Born in Texas, and after spending her first ten years in Mexico with her family, Rosalinda Guillen entered the ranks of American farm workers at the age of 10. After growing up molded by that experience, Guillen was politicized during the 1988 Jesse Jackson presidential campaign. From that moment forth, she has served as a defining voice for the American Farm Worker Movement and has demonstrated the inextricable link between the dignity and voice of farm workers and the strength of sustainable agriculture in this country. Guillen has dedicated her life to making the people tilling the earth and picking the fruit that feeds this country, also the ones who get to dictate the policies governing agriculture.

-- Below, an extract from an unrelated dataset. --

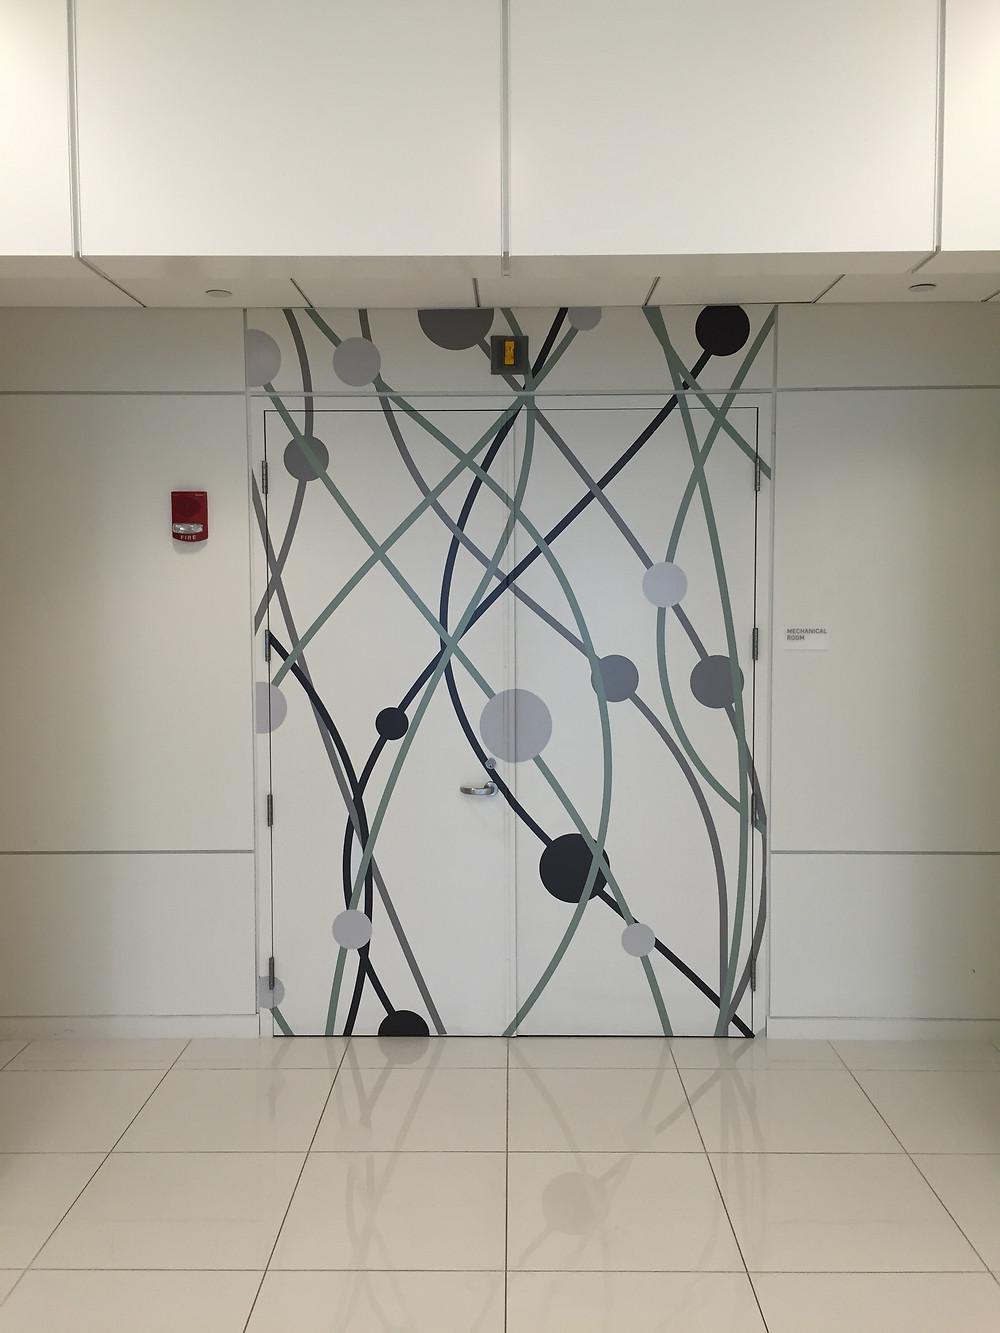 The environmental graphics at Atlas Venture, Cambridge, MA

Guillen serves as the executive director of Community to Community Development; a Washington-based non-profit working to this end. Her work has established the definition of food sovereignty as the right of peoples to healthy and culturally appropriate food produced through ecologically sound and sustainable methods, and their right to define their own food and agriculture systems. As long as corporations control the majority of the farmland in this nation and decide what is produced on it in what way, the small, beginning and agroecological farmer will be at a disadvantage. With more people like Rosalinda Guillen on the front lines, the people and communities that put the food on the American table are much closer to getting the representation that they deserve.
For more on Rosalinda Guillen’s personal background and philosophy, watch this interview from the University of Washington’s Seattle Civil Rights and Labor History Program. For more information also see the biographical piece from Tribuno Del Pueblo.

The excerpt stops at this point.